# Old school orion xtr dvc



## Sharris (Apr 20, 2018)

Hey I'm new to this forum but I've searched high and low and can't find specs for orion dvc ferrofluid injected subs, does anyone know the specs


----------



## GEM592 (Jun 19, 2015)

I think those are the "Series 3" ones?


----------



## GEM592 (Jun 19, 2015)

I believe I have the sheet on the series 2 orion xtr 4 ohm dvc subs, which are possibly the same parameter-wise.


----------



## GEM592 (Jun 19, 2015)

PM'ed a link to a thread with some series 2 and 3 spec sheets ...


----------



## GEM592 (Jun 19, 2015)

Sharris said:


> Hey I'm new to this forum but I've searched high and low and can't find specs for orion dvc ferrofluid injected subs, does anyone know the specs


OP your PM box is full.

I can try emailing the series 2 and 3 pdfs if you send your address ...

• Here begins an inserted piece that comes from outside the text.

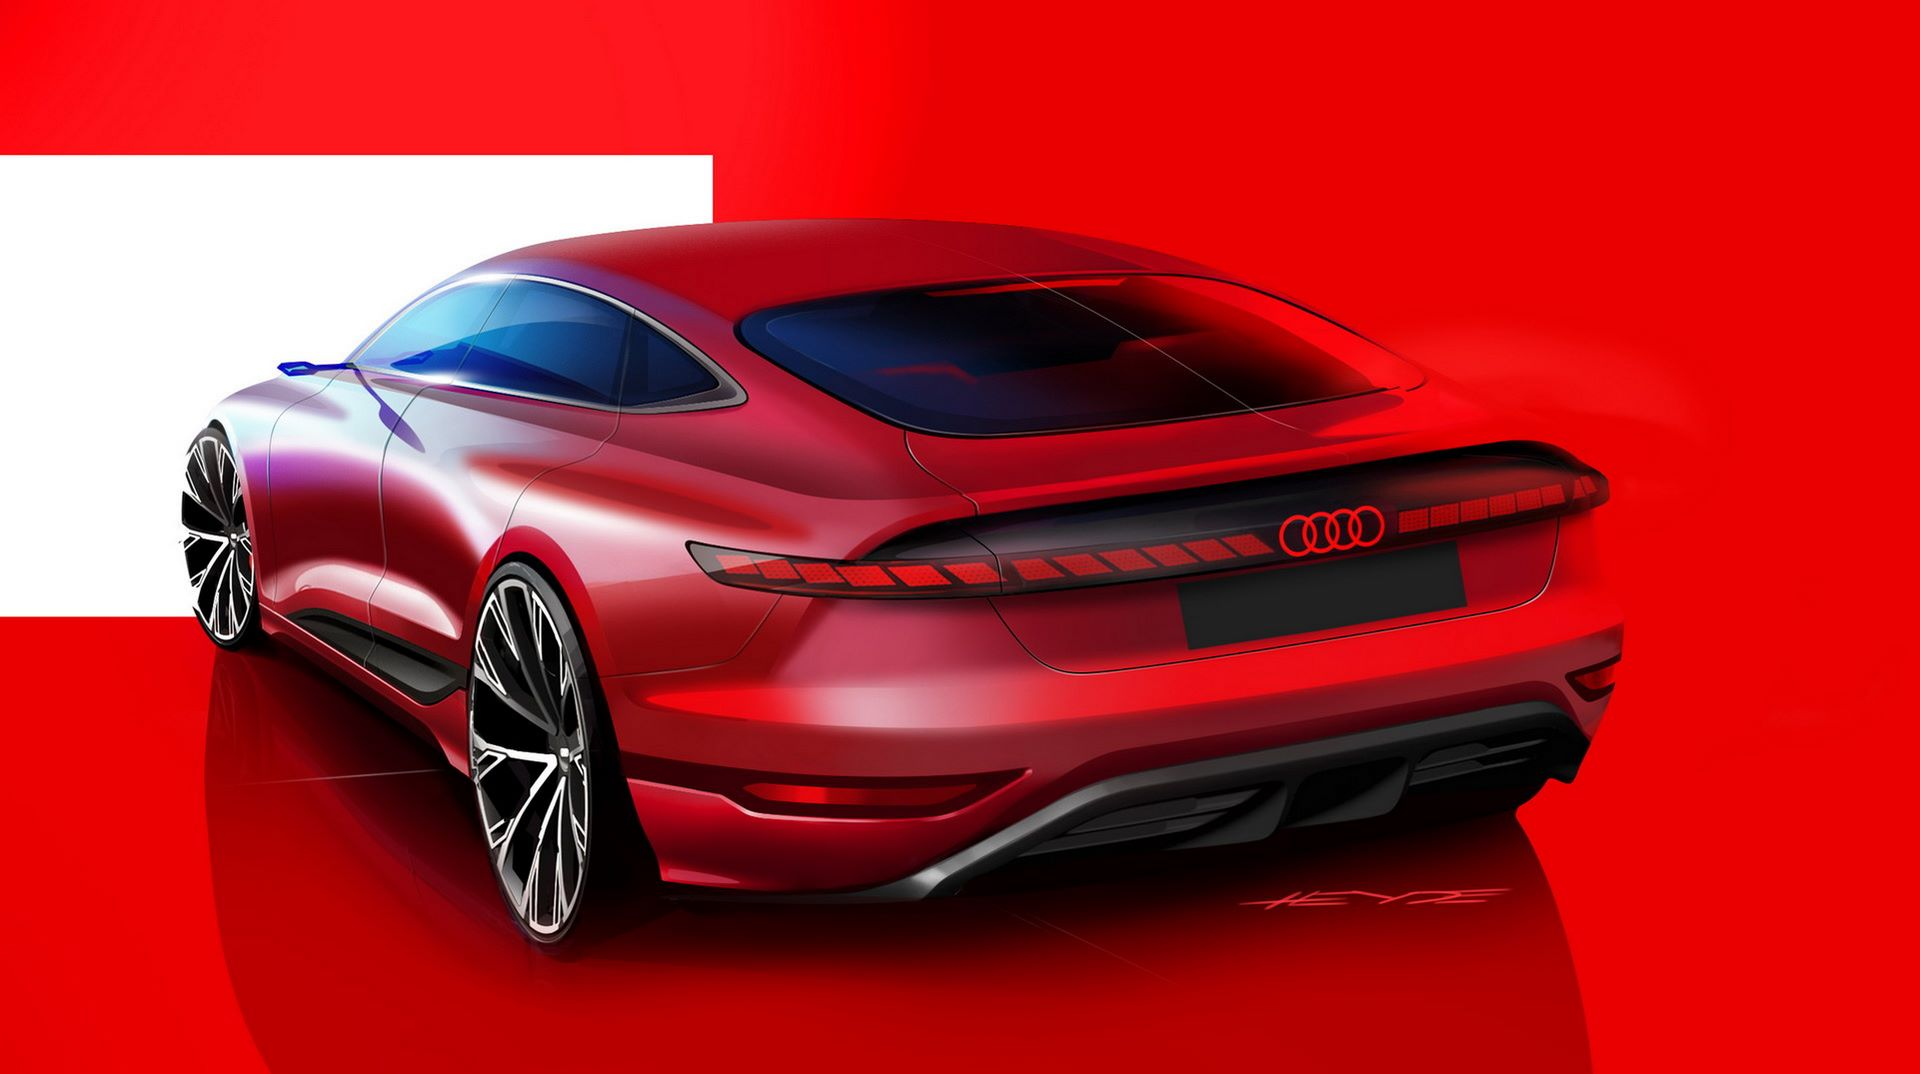 Audi-A6-e-tron-concept-46
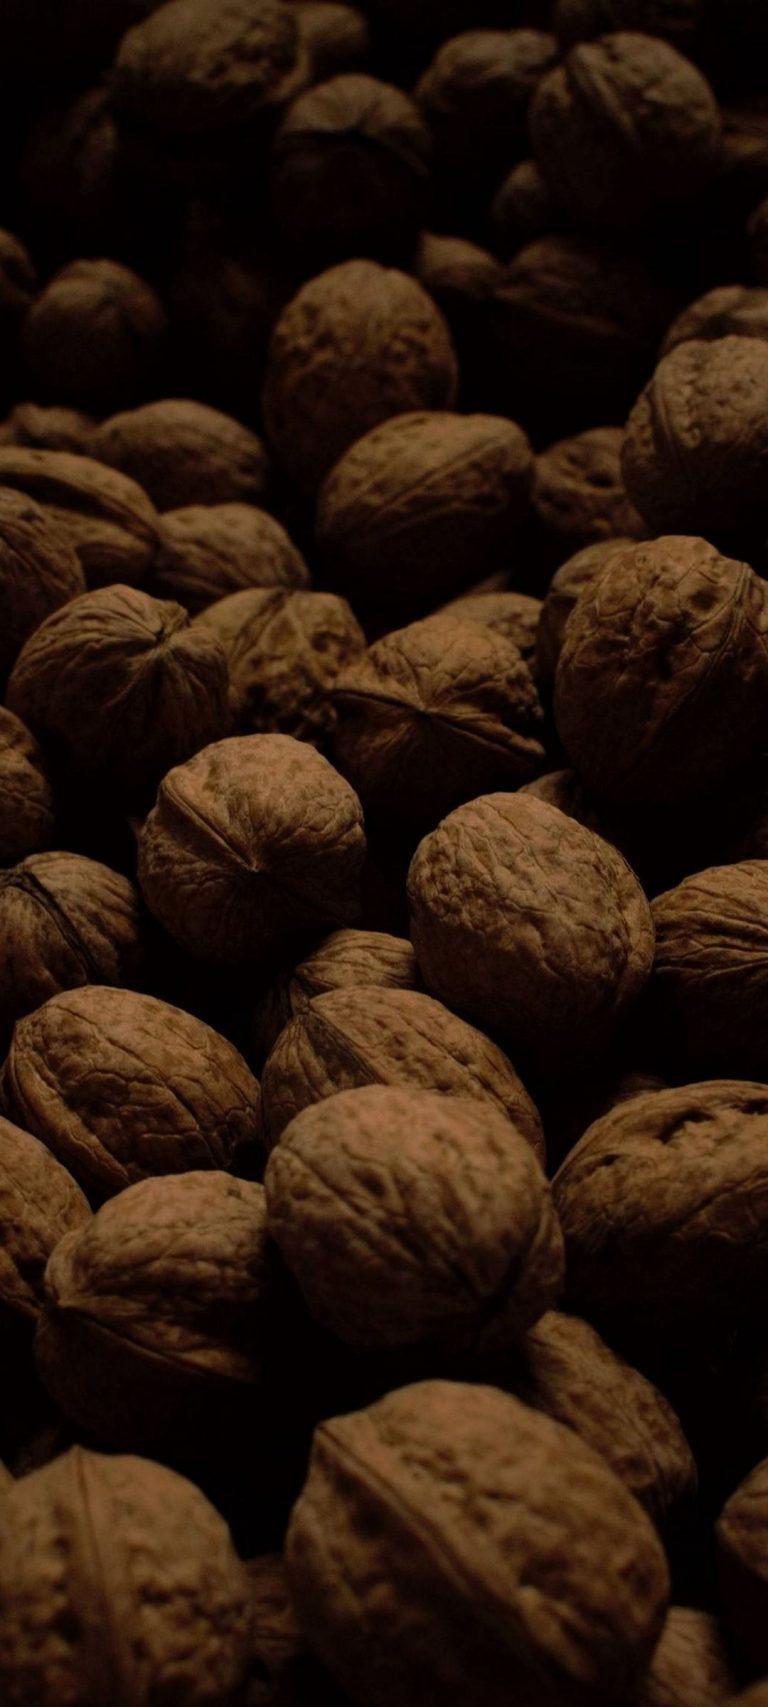 Dark Walnuts Food 1080x2400 768x1707

The links work for me, I will try reposting:

View attachment xtrsers2sub.pdf


View attachment xtr3sub.pdf


----------



## Notdumasilook (Sep 25, 2017)

Heck... I appreciate ya digging those links up. Found one of the XTRs in my closet from that era.... nooooooo idea where it came from. But now I have the TSPs ... thanks


----------



## Sharris (Apr 20, 2018)

If you need help with making an enclosure a buddy of mine just gave me a great layout for a ported box tuned at 35hz


----------



## cman750rr (May 29, 2018)

Sharris said:


> If you need help with making an enclosure a buddy of mine just gave me a great layout for a ported box tuned at 35hz



Adding to the mix I have brand new in the box a XTR 12, with manual , make help out .... hit me up .......


----------



## Crazylogix (Dec 10, 2018)

Hey does that XTR manual that you have have all the specs for the 10" orion too? I just picked one up and would love the specs. Thanks in advance!


----------